This is conclusive. It fixes our position and our path in the most precise and definite way possible. "As he is so are we in this world." This involves a double truth, namely, our perfect acceptance with God, and our complete separation from the world. We are in the world, but not of it. We have to pass through it as pilgrims and strangers looking out for the coming of our Lord, the appearing of the bright and morning star. It is no part of our business to interfere with municipal or political matters. We are called and exhorted to obey the powers that be, to pray for all in authority, to pay tribute, and owe no man anything; to be "blameless and harmless, the sons of God without rebuke in the midst of a crooked and perverse nation" among whom we are to "shine as lights in the world, holding forth the word of life."

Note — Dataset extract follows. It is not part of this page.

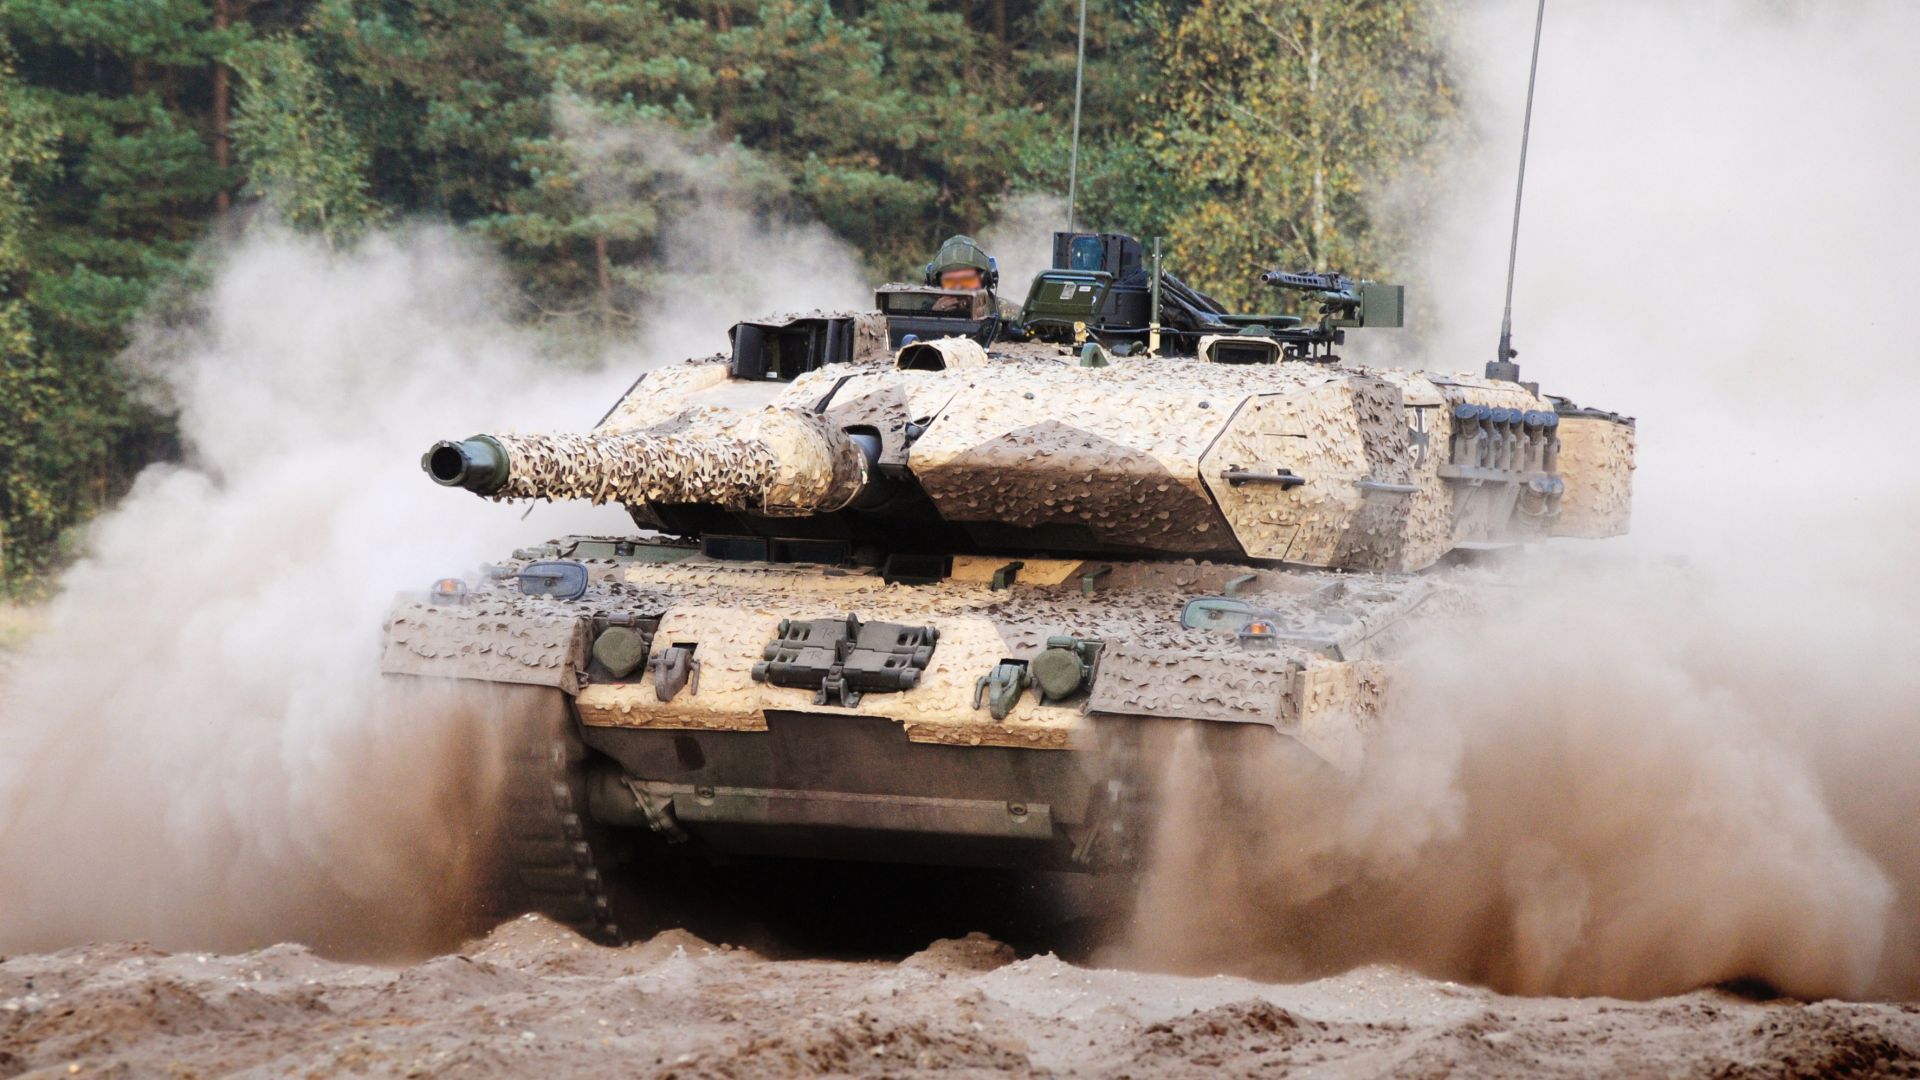 Леопард 2а7, танк, Армия Германии, Leopard 2A7, tank, German Army (horizontal)
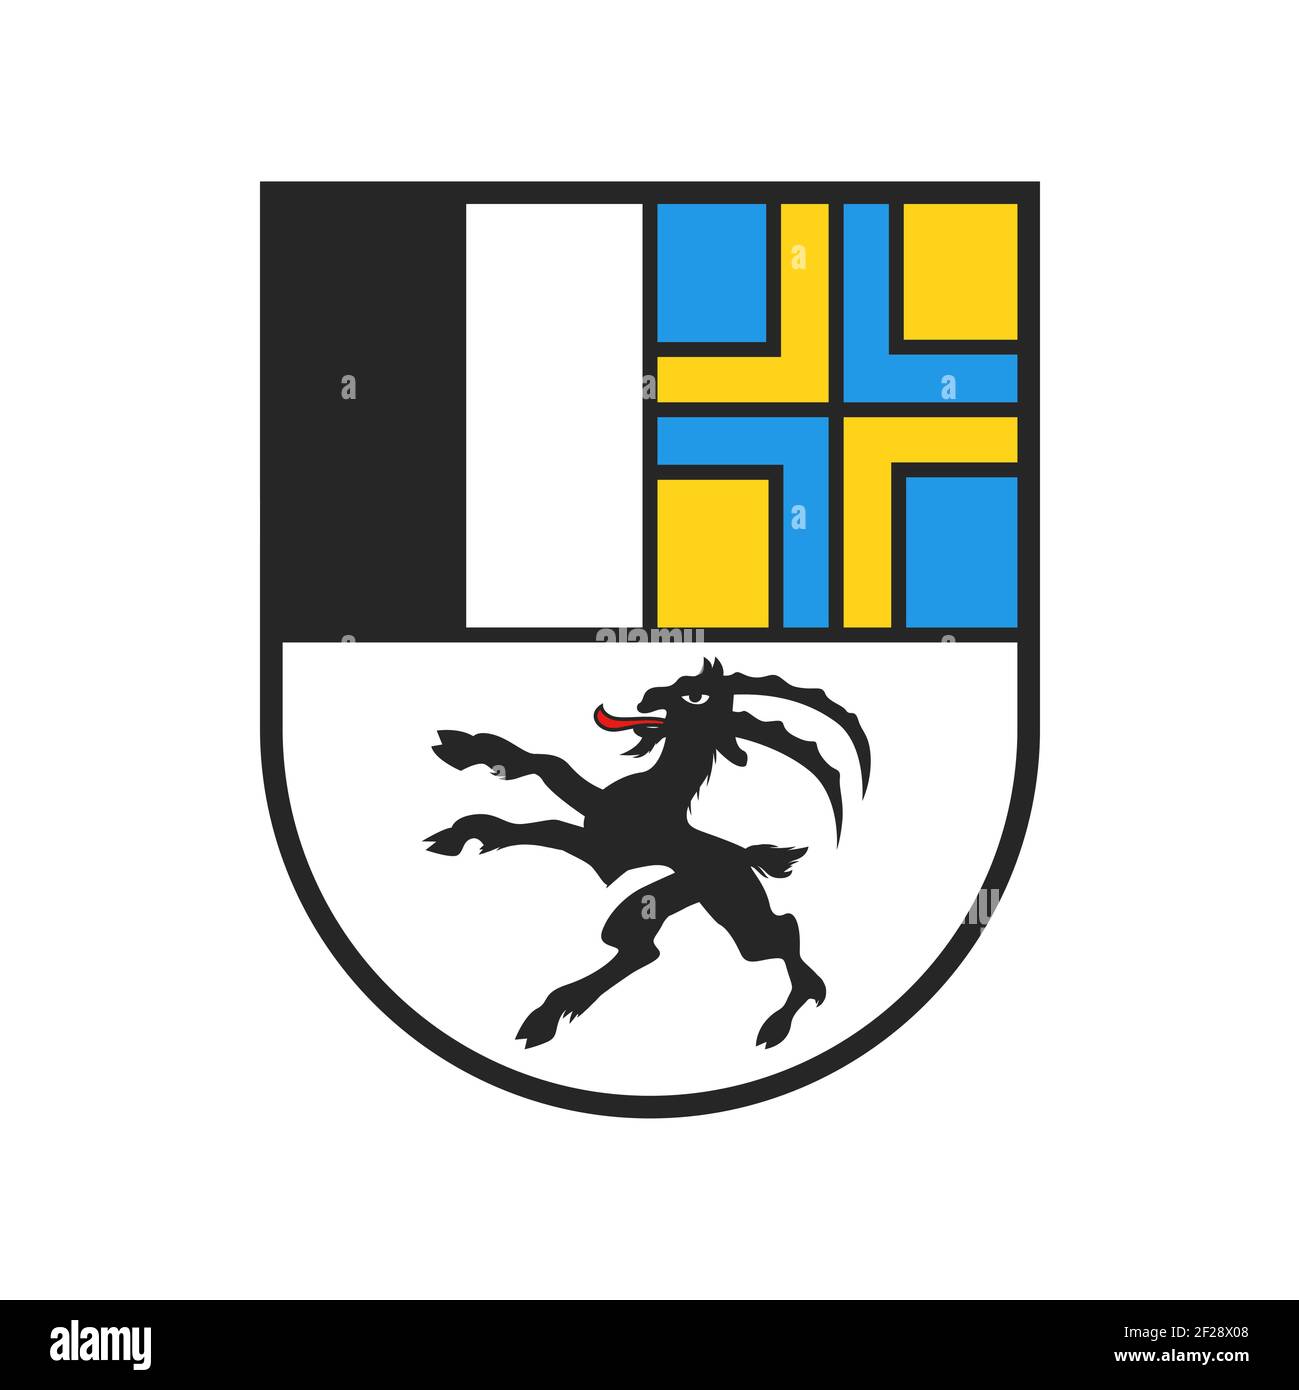 Schweizer Kanton Wappen, Schweiz heraldry Zeichen und Schild Flagge, Vektor. Schweizer Kantonsschild Graubünden oder Graubünden, Schweiz Konföderation RE Stock Vektor

From all this we may gather something of the immense practical importance of "rightly dividing the word of truth." We have but little idea of the injury done both to the truth of God and to the souls of His people by confounding Israel with the church, the earthly and the heavenly. It hinders all progress in the knowledge of scripture, and mars the integrity of Christian walk and testimony. This may seem a strong statement; but we have seen the truth of it painfully illustrated, times without number; and we feel that we cannot too urgently call the attention of the reader to the subject. We have, more than once, referred to it in the progress of our studies on the Pentateuch, and therefore we shall not further pursue it here, but proceed with our chapter.
At verse 15, we reach a very different note in the song of Moses. Up to this point, we have had before us God and His actings, His purposes, His counsels, His thoughts, His loving interest in His people Israel, His tender gracious dealings with them. All this is full of deepest, richest blessing. There is — there can be no drawback here. When we have God and His ways before us, there is no hindrance to the heart's enjoyment. All is perfection - absolute, divine perfection, and as we dwell upon it, we are filled. with wonder, love and praise.
But there is the human side; and here alas! all is failure and disappointment. Thus at the fifteenth verse of our chapter we read, "But Jeshurun waxed fat and kicked" — what a very full and suggestive statement! How vividly it presents, in its brief compass, the moral history of Israel! — thou art waxen fat, thou art grown thick, thou art covered with fatness; then he forsook God which made him, and lightly esteemed the Rock of his salvation. They provoked him to jealousy with strange gods, with abominations provoked they him to anger. They sacrificed unto devils, not to God; to gods whom they knew not, to new gods that came newly up, whom your fathers feared not. Of the Rock that begat thee thou art unmindful, and hast forgotten God that formed thee."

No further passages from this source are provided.